Now, let’s be real. Between the evolutionary opportunity of preparing data more cost effectively and the revolutionary opportunity of analyzing new sources of data, the latter just sounds cooler. This revolutionary opportunity is what has spurred the growth of new roles like data scientists and new tools for self-service visualization. In the revolutionary world of pervasive analytics, data scientists have the ability to use Hadoop as a low cost and transient sandbox for data. Data scientists can perform exploratory data analysis by quickly dumping data from a variety of sources into a schema-on-read platform and by iterating dumps as new data comes in. SQL-on-Hadoop technologies like Cloudera Impala, Hortonworks Stinger, Apache Drill, and Pivotal HAWQ enable agile and iterative SQL-like queries on datasets, while new analysis tools like Tableau enable self-service visualization. We are merely in the early phases of the revolutionary opportunity of big data.
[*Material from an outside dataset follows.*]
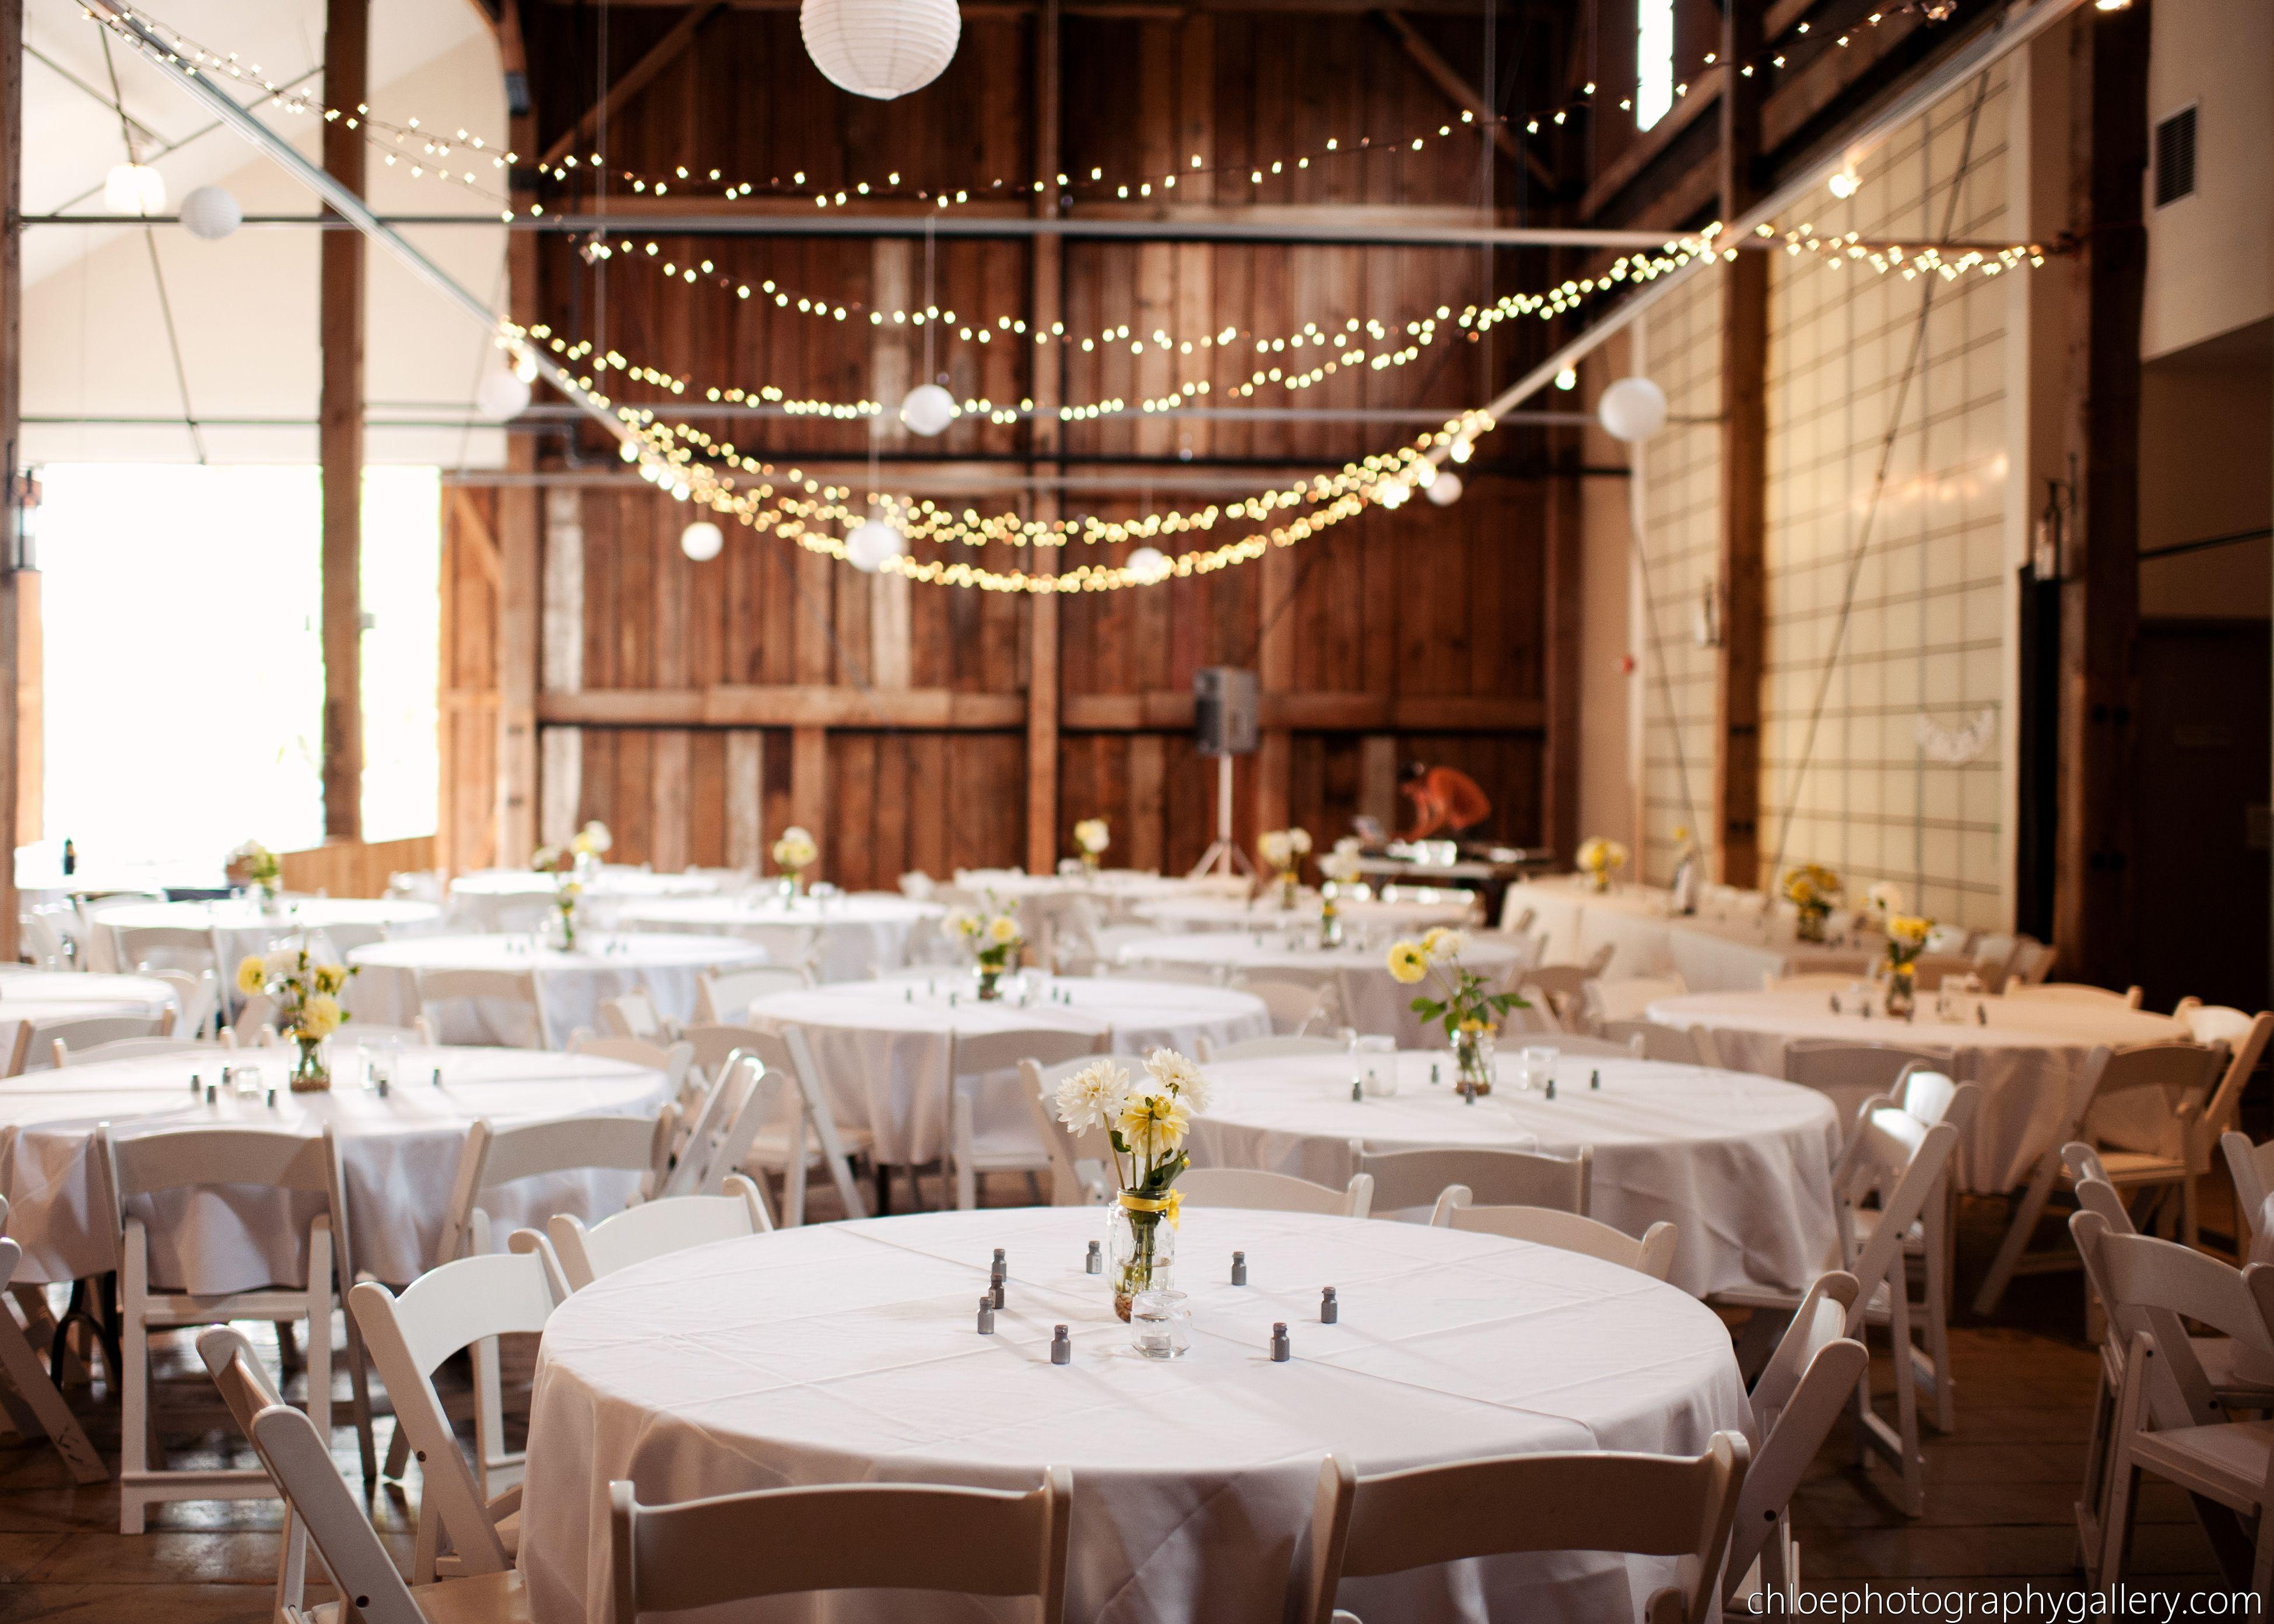 Pickering Barn Issaquah Wa Seattle Wedding Venues Winter Wedding Venues Event Venue Spaces

But while the revolutionary opportunity is exciting, there’s an equally compelling opportunity for enterprises to modernize their existing data environment. Enterprises cannot rely on an iterative dump methodology for managing operational data pipelines. Unmanaged “data swamps” are simply unpractical for business operations. For an operational data pipeline, the Hadoop environment must be a clean, consistent, and compliant system of record for serving analytical systems. Loading enterprise data into Hadoop instead of a relational data warehouse does not eliminate the need to prepare it.
Now I have a secret to share with you: nearly every enterprise adopting Hadoop today to modernize their data environment has processes, standards, tools, and people dedicated to data profiling, data cleansing, data refinement, data enrichment, and data validation. In the world of enterprise big data, schemas and metadata still matter.
I’ll share some examples with you. I attended a customer panel at Strata + Hadoop World in October. One of the participants was the analytics program lead at a large software company whose team was responsible for data preparation. He described how they ingest data from heterogeneous data sources by mandating a standardized schema for everything that lands in the Hadoop data lake. Once the data lands, his team profiles, cleans, refines, enriches, and validates the data so that business analysts have access to high quality information. Another data executive described how inbound data teams are required to convert data into Avro before storing the data in the data lake. (Avro is an emerging data format alongside other new formats like ORC, Parquet, and JSON). One data engineer from one of the largest consumer internet companies in the world described the schema review committee that had been set up to govern changes to their data schemas. The final participant was an enterprise architect from one of the world’s largest telecom providers who described how their data schema was critical for maintaining compliance with privacy requirements since data had to be masked before it could be made available to analysts.
Let me be clear – these companies are not just bringing in CRM and ERP data into Hadoop. These organizations are ingesting patient sensor data, log files, event data, clickstream data, and in every case, data preparation was the first task at hand.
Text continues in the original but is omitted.